CASI Literature Week:

CASI Literature Week: "Imagined Geographies? Contemporary Art of Central Asia"

November 28, 2017

Literature Week is a part of CASI’s Workshop on Literature and History. Supported by a generous contribution from Matthew Nimetz, the aim of the workshop is to create a community of junior scholars and advanced graduate students committed to studying literature and to applying literary tools and methodologies to the study of literary art in the Central Asian past.

SPEAKER: Diana Kudaibergenova

Short abstract: The understanding of regional locality and, moreover, of regional art and cultural production poses important questions, namely, What is Central Asia and Where is Central Asia? “Central Asia” is a multi-layered jigsaw that appears as a fairly simple and well-defined but in reality as very complex yet very exciting “lively space”. This is the space where borders melt and ethnicities overlap and where creative processes and networks of people will offer perspectives in the study of social and cultural reality.  But what is at play when we imagine and research “the region”? And what are other ways in which academic discussions and studies of Central Asia can reveal the cultural debates, debates on heritage and identity on the ground? Are in fact these identities as fragmented?

In this talk Diana T. Kudaibergenova will present a part of her ongoing project on contemporary art and power in Central Asia. She has been working on contemporary art for more than 10 years and explores the ways power is contested and practiced in art and around it.

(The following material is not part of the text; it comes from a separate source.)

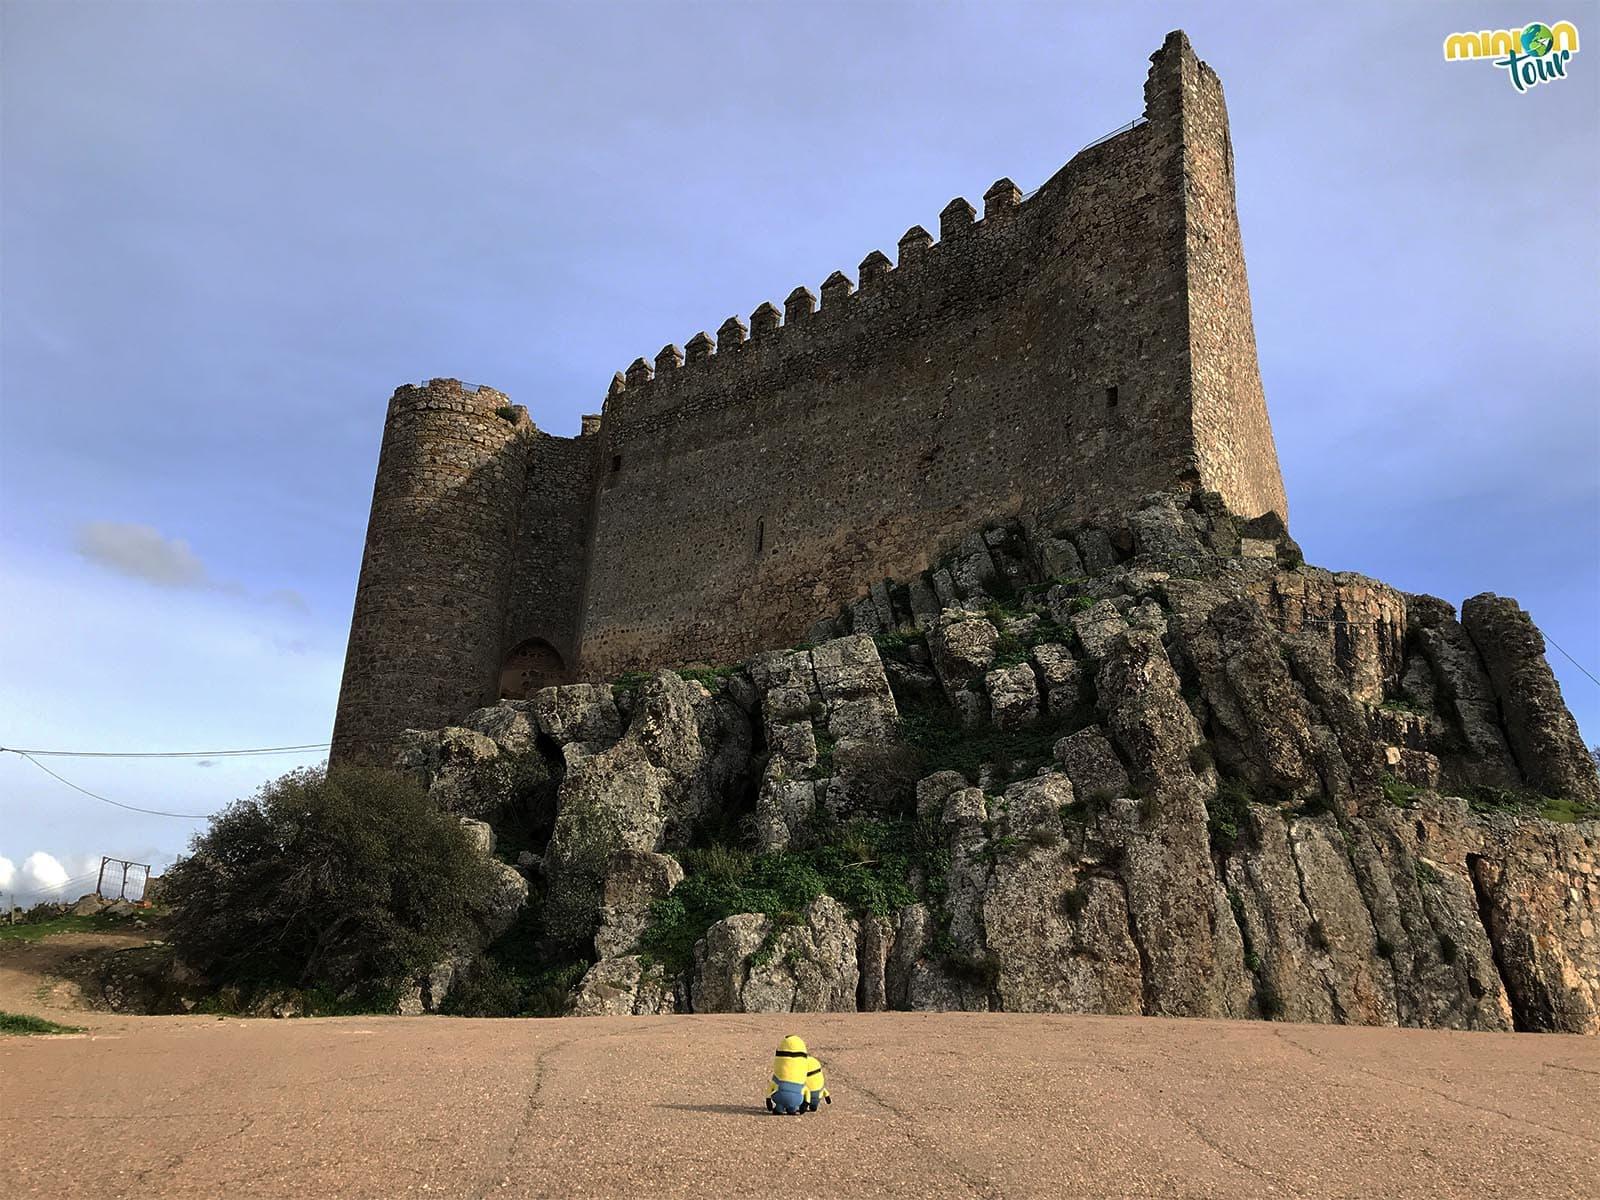 El impresionante castillo de Puebla de Alcocer

Bio: A graduate of Cambridge University, Diana is currently a postdoctoral fellow at the University of Lund. She is the author of the recently published Re-writing the Nation: Elites, Networks and Narratives in Modern Kazakh Literature.  Her main research focuses on the study of power, norms and social meaning of law. In her current projects she focuses on legal and cultural understanding of nationalism and secessionism claims, claims for national self-determination and legal pluralism under conditions of on-going conflicts and secessionist contexts that are deemed illegal under international law. One of the running themes of the research deals with the cultural and political claims of ethnic Russians abroad. Kudaibergenova’s forthcoming book manuscript that is based on her doctoral dissertation deals with the growing normalization of nationalist claims in post-Soviet Latvia and Kazakhstan and examines the ways in which Russian-speaking minorities in these countries dealt with the issues of pressing nationalization through their claims to international law. Kudaibergenova’s most recent study deals with similar claims of Russian-speaking minority in Ukraine and Crimea.

The issue of norms and social aspects of law in Central Asia is the focus of Kudaibergenova’s second project. This project deals with the power contestations, de-normalization and the struggles for defining what is a norm or tradition and in claiming this power.